Transcribe all of the data verbatim, please, and leave out its pictures.

START RECORDED INFORMATION

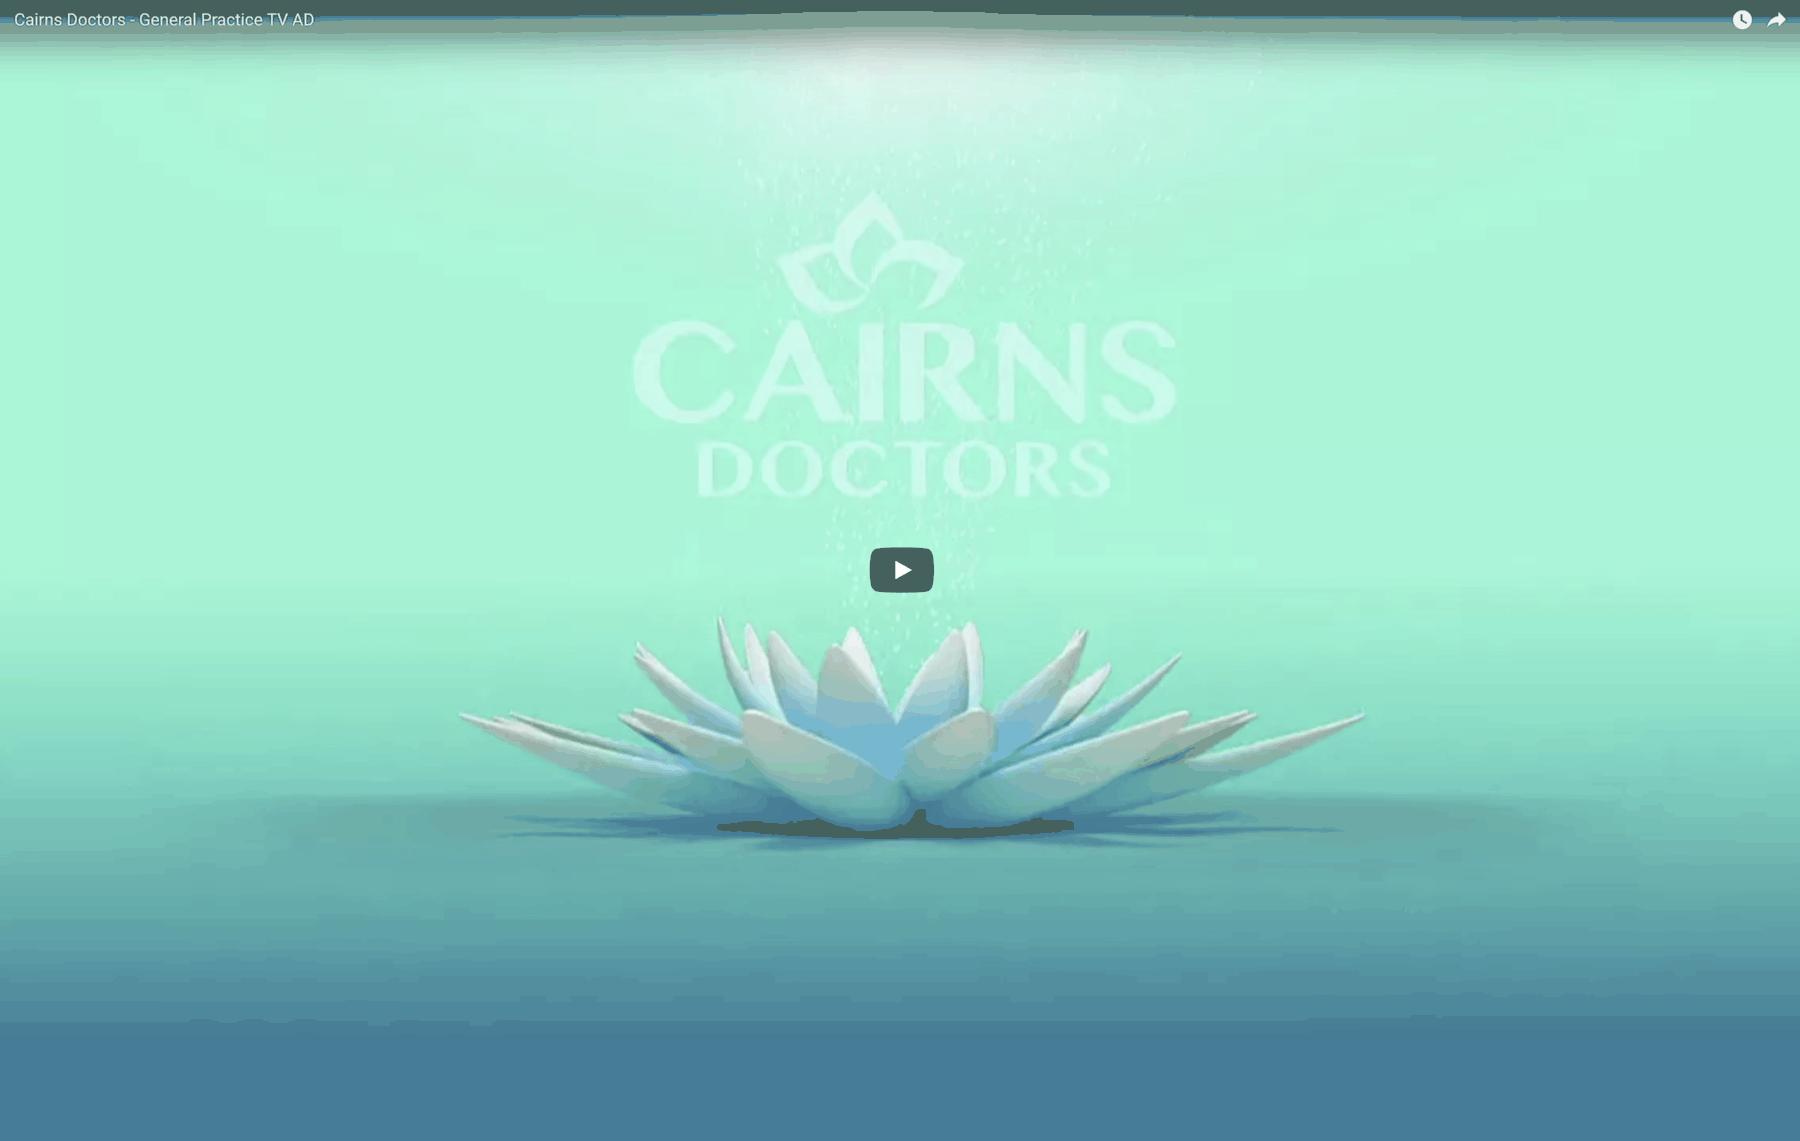 Cairns Doctors General TV Advertisement
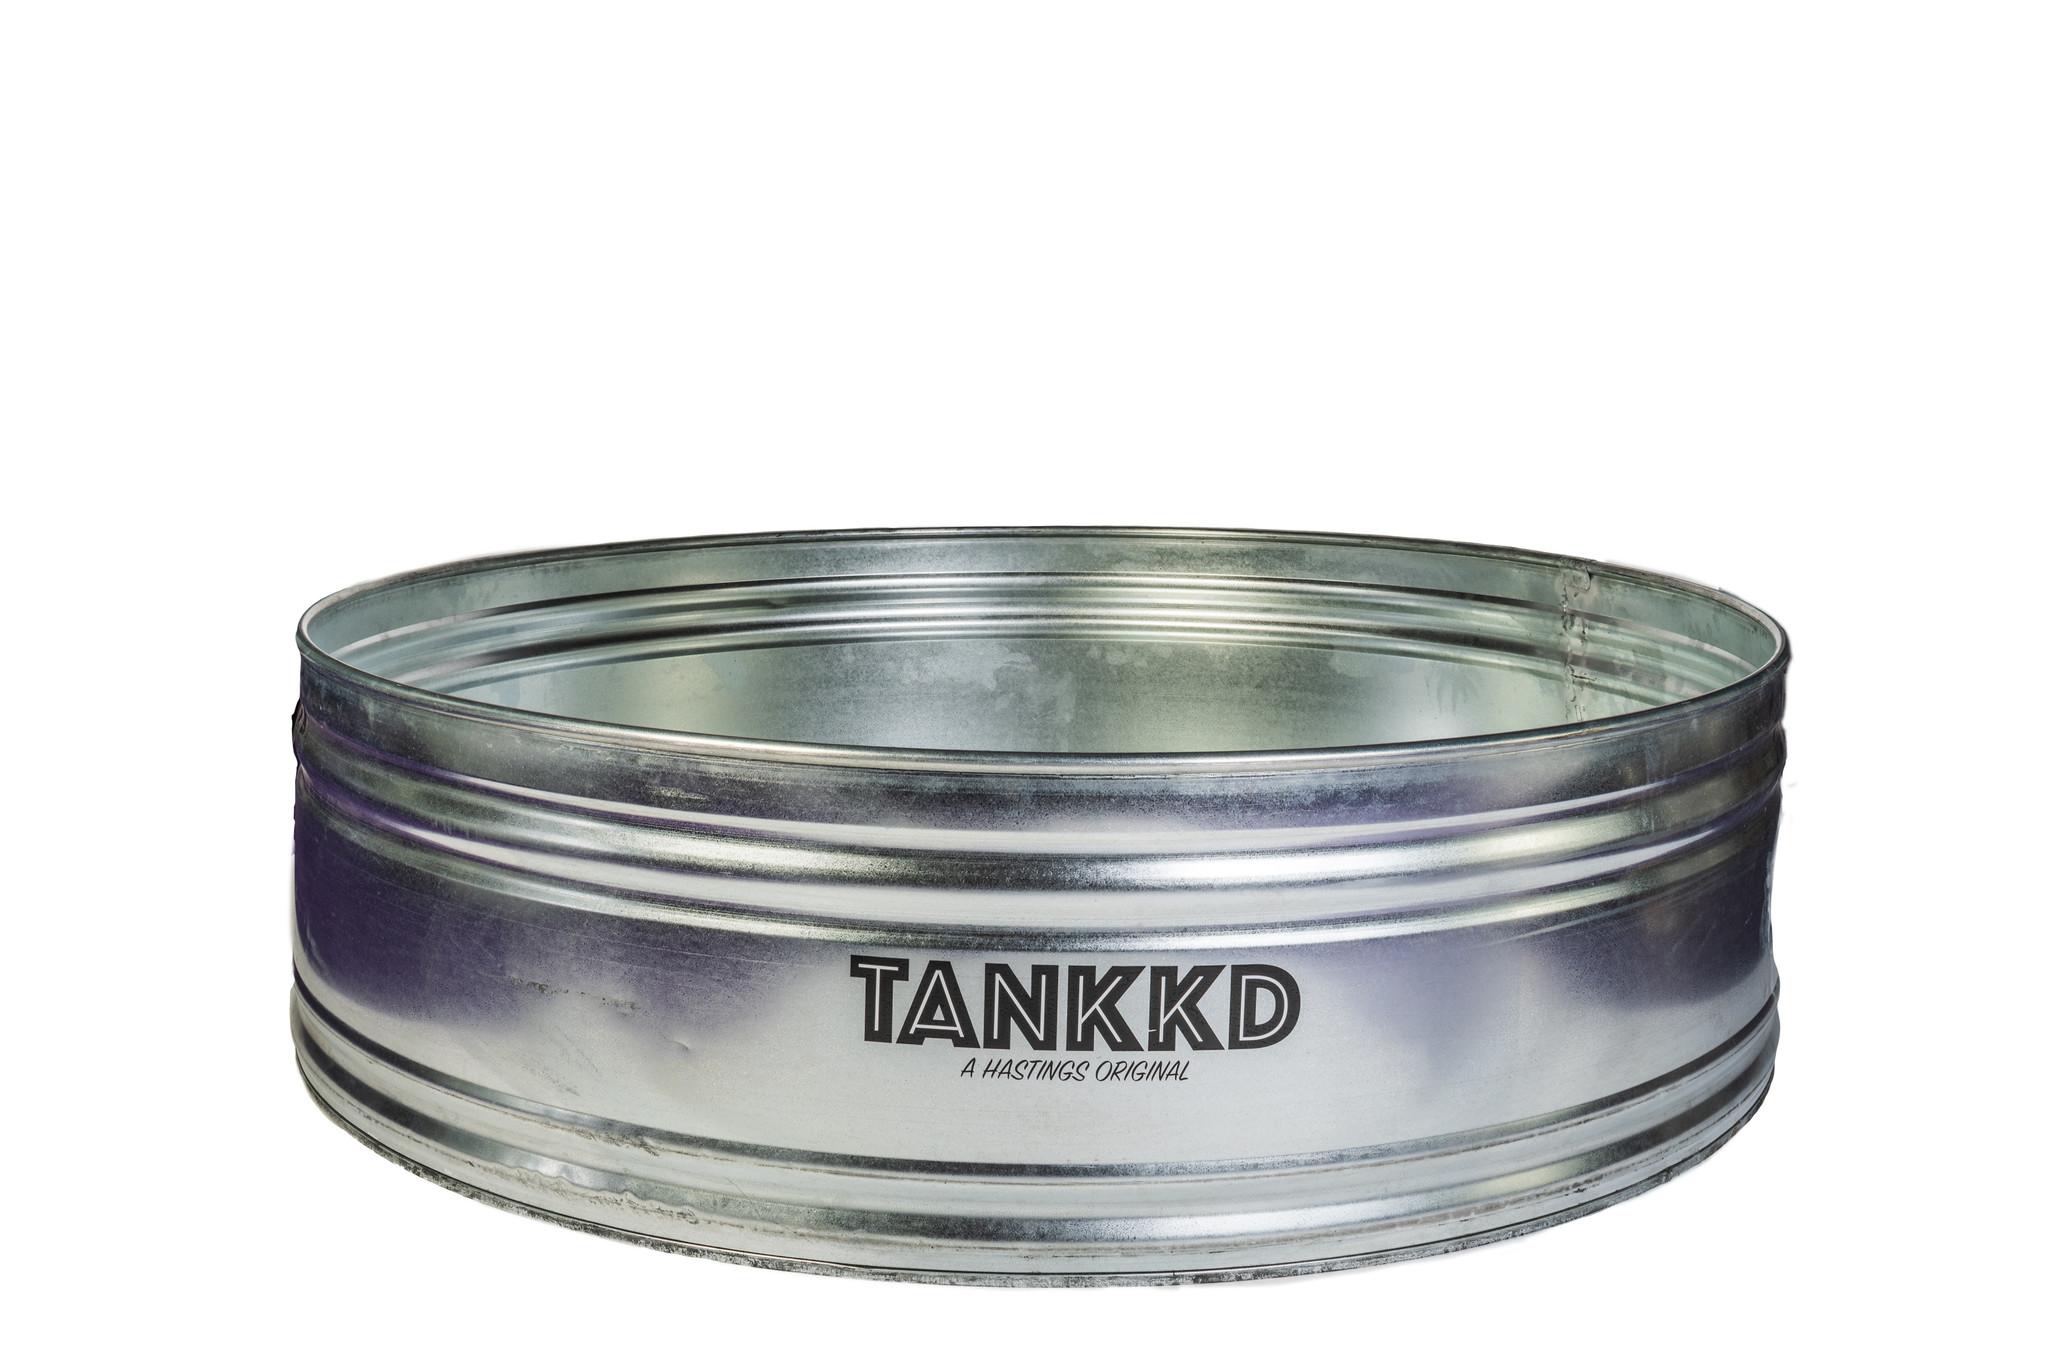 Tankkd Hot spring summer pack-8
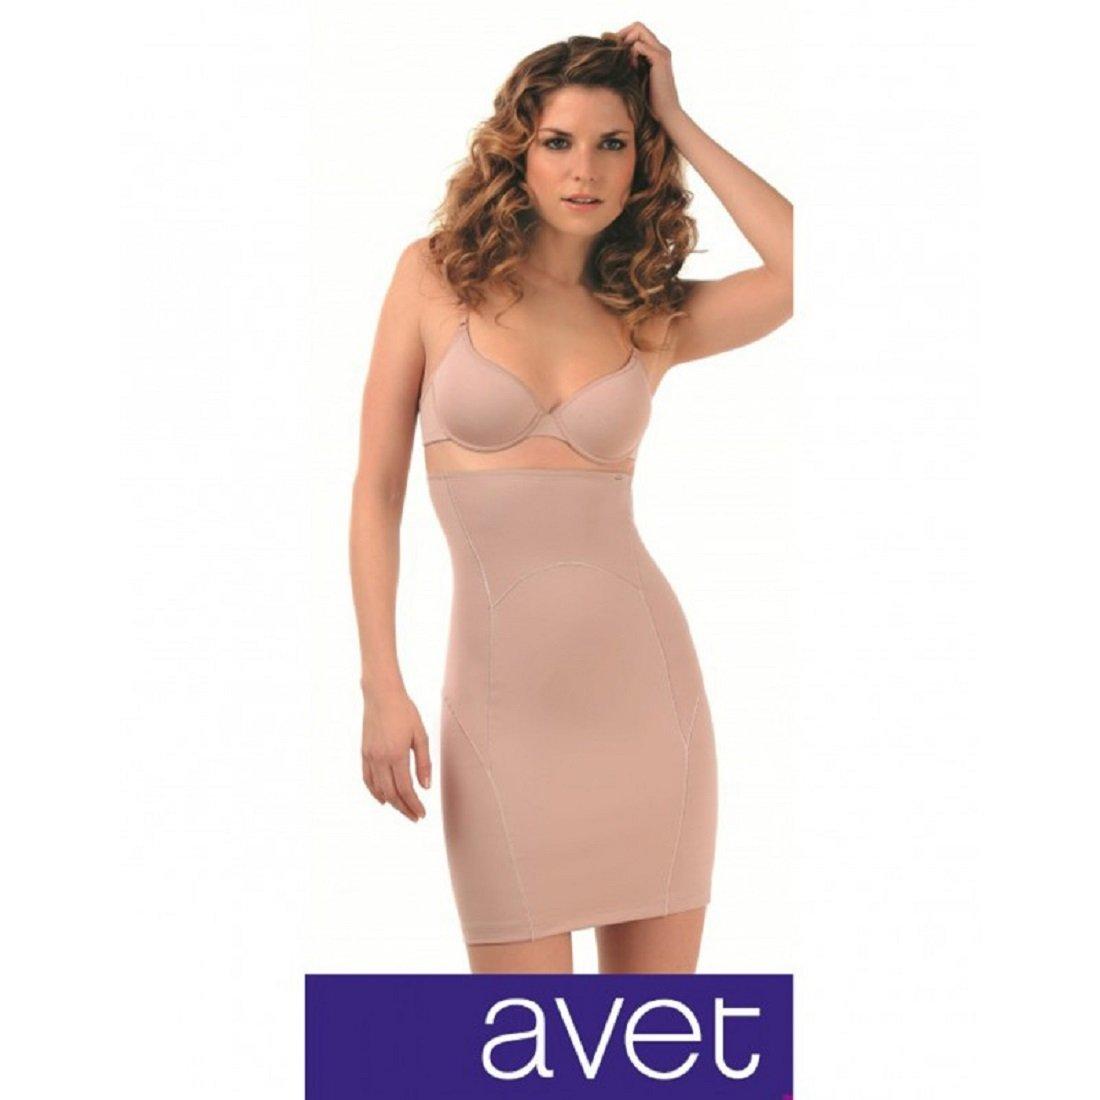 AVET 79275 - Falda Reductora (E, Arena): Amazon.es: Ropa y accesorios

END RECORDED INFORMATION

REPLY>
 Cairns Doctors General TV Advertisement
 Tankkd Hot spring summer pack-8
 AVET 79275 - Falda Reductora (E, Arena): Amazon.es: Ropa y accesorios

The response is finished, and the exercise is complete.